▸ **Data excerpt**:
:::::
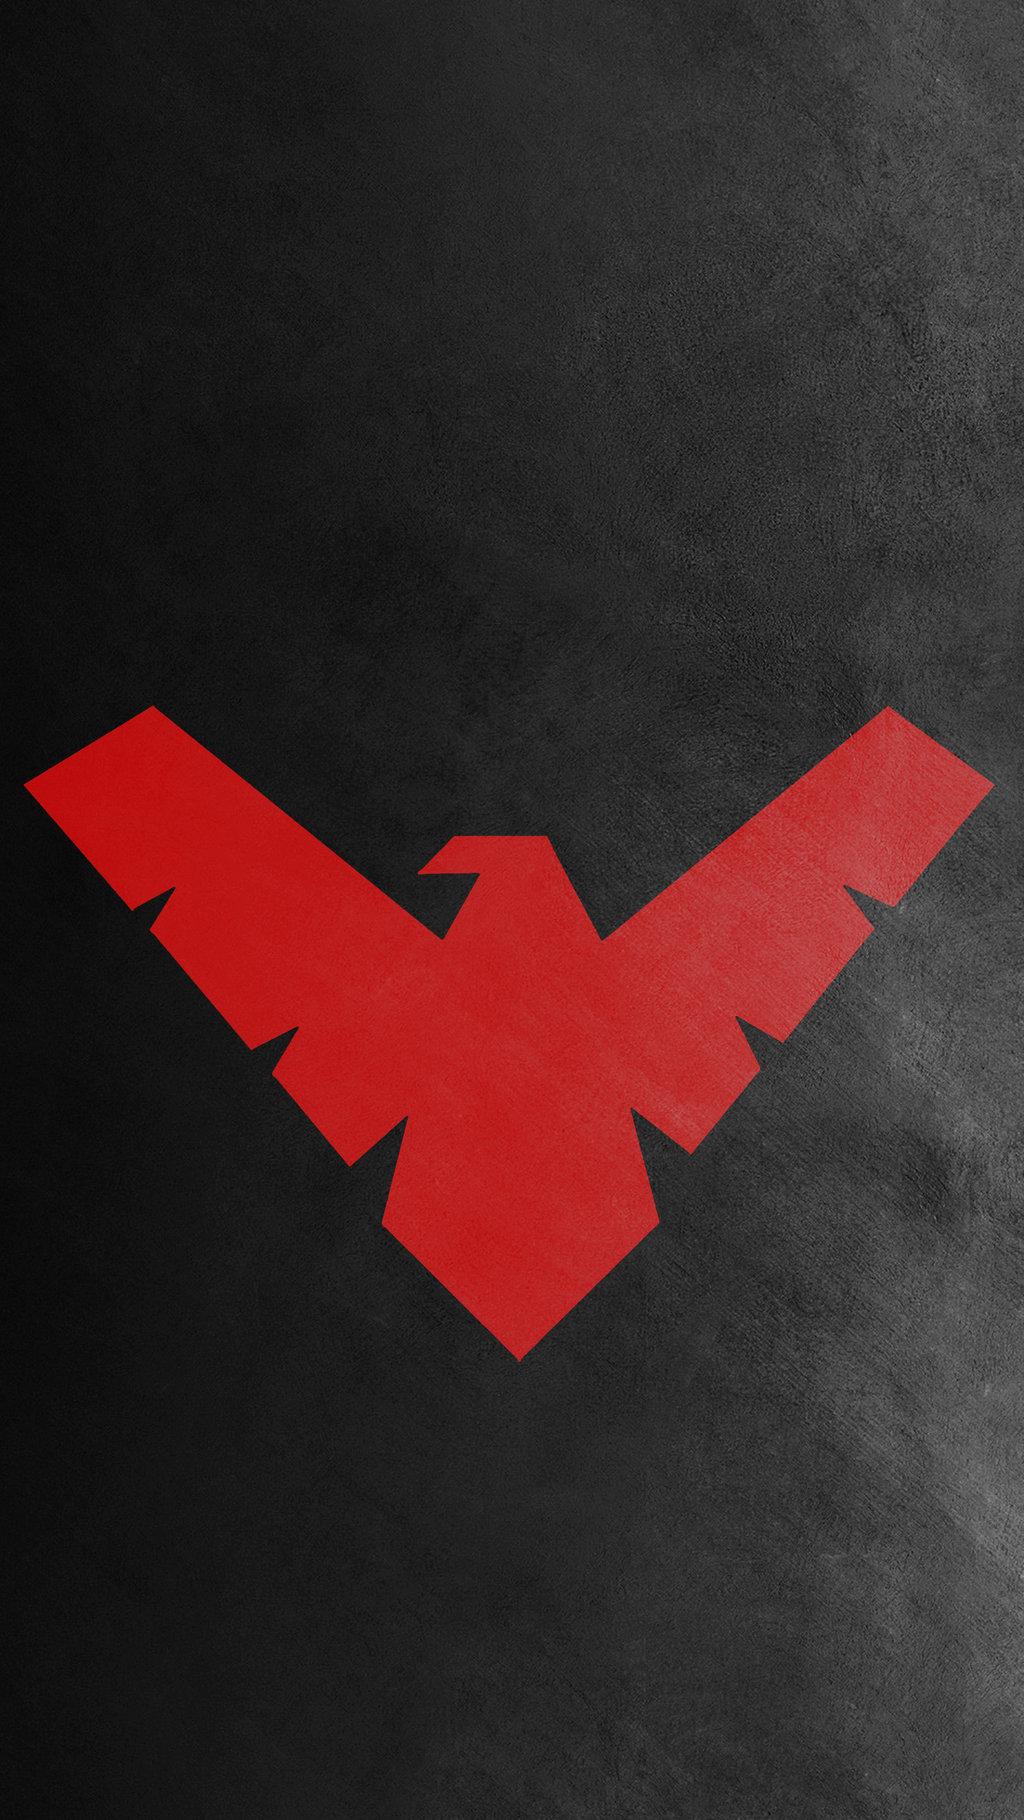 Nightwing Red Logo Wallpaper 1024x1820
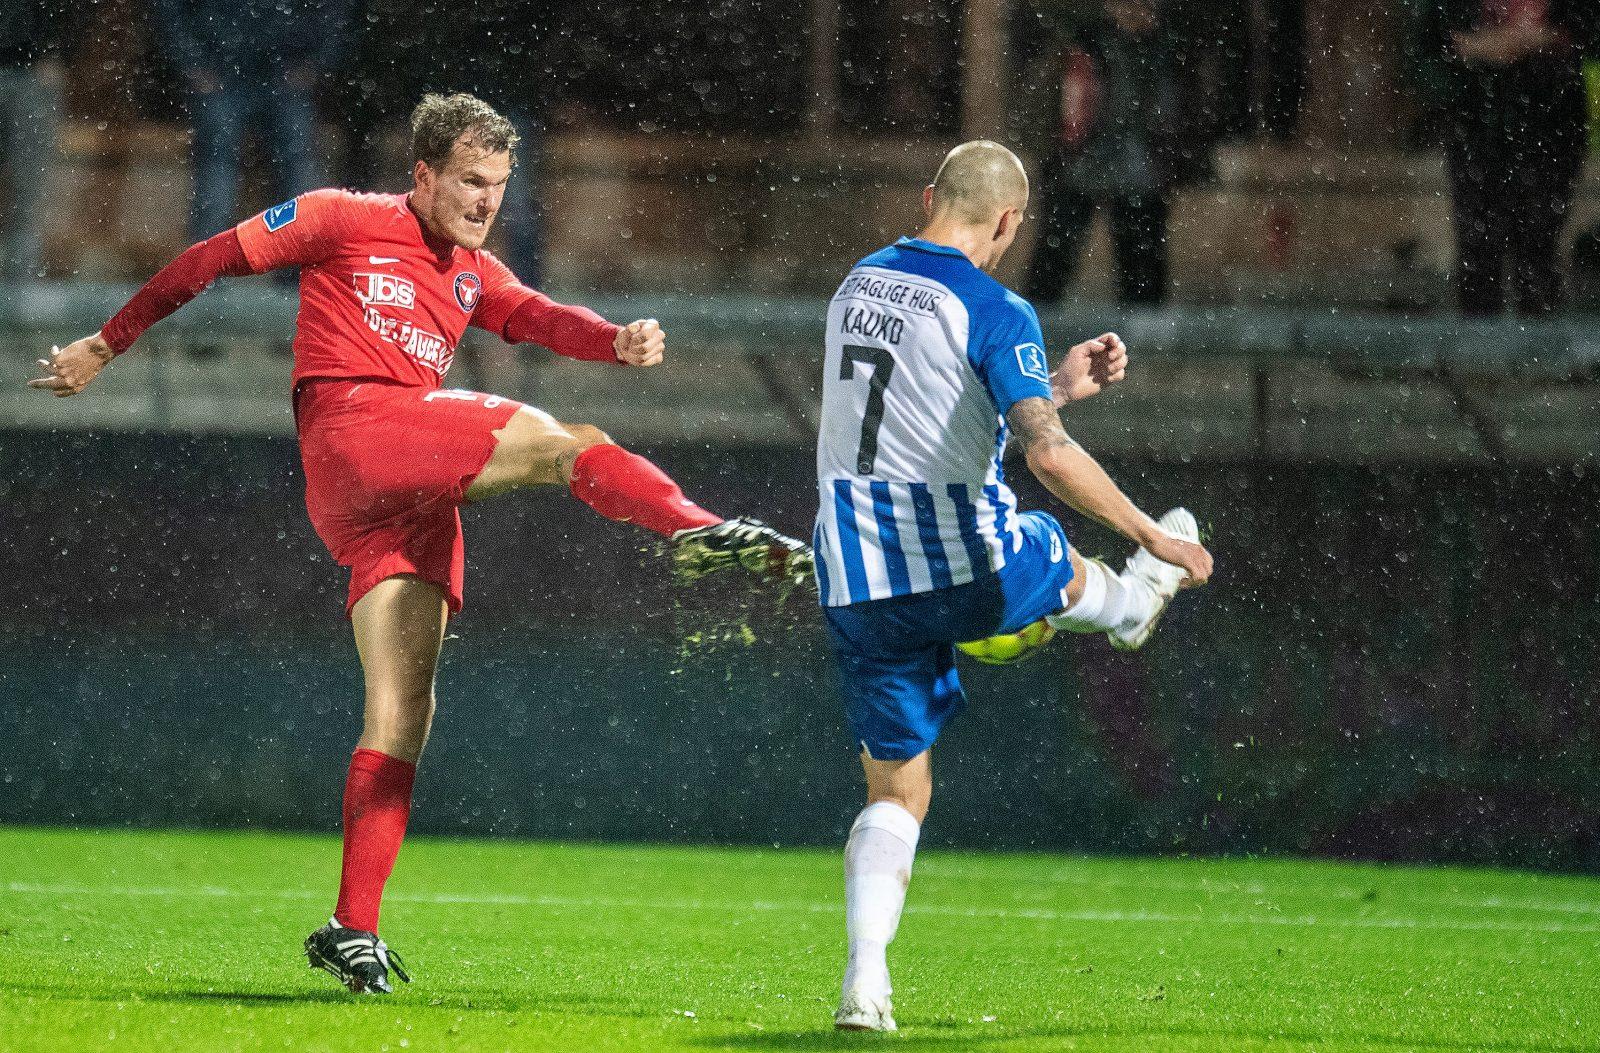 Esbjerg fB-FC Midtjylland-22
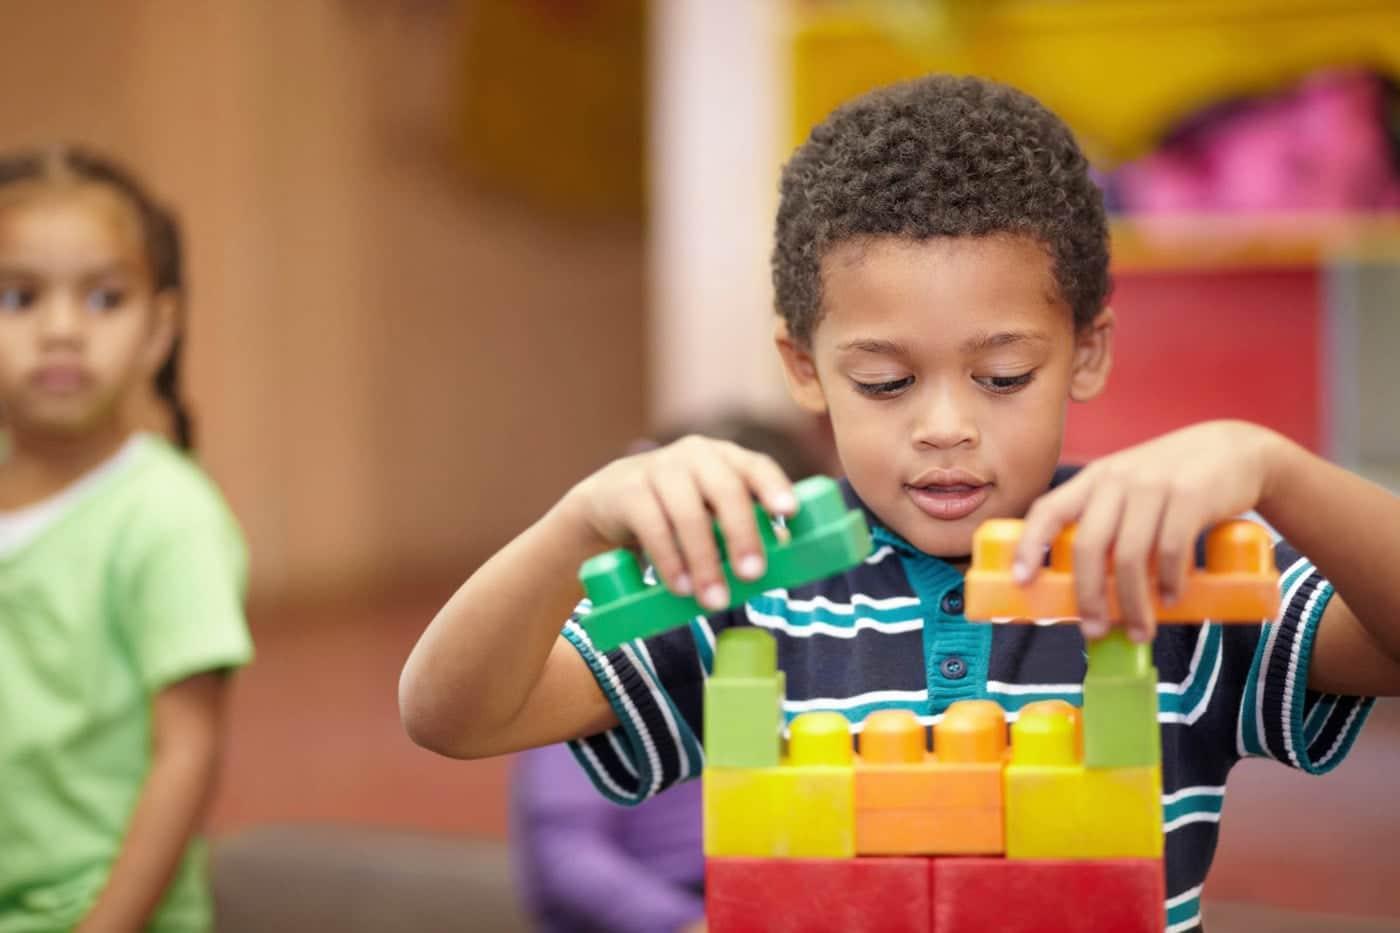 علائم اوتیسم چیست و روش تشخیص آن چگونه است؟
:::::
▸ **Aim of the exercise**:
Skip every picture and retype only the lines from the line with "Esbjerg fB-FC Midtjylland-22" through the last line of the listing, both ends included, exactly as they appear.

▸ **Answer below**:
 Esbjerg fB-FC Midtjylland-22
 علائم اوتیسم چیست و روش تشخیص آن چگونه است؟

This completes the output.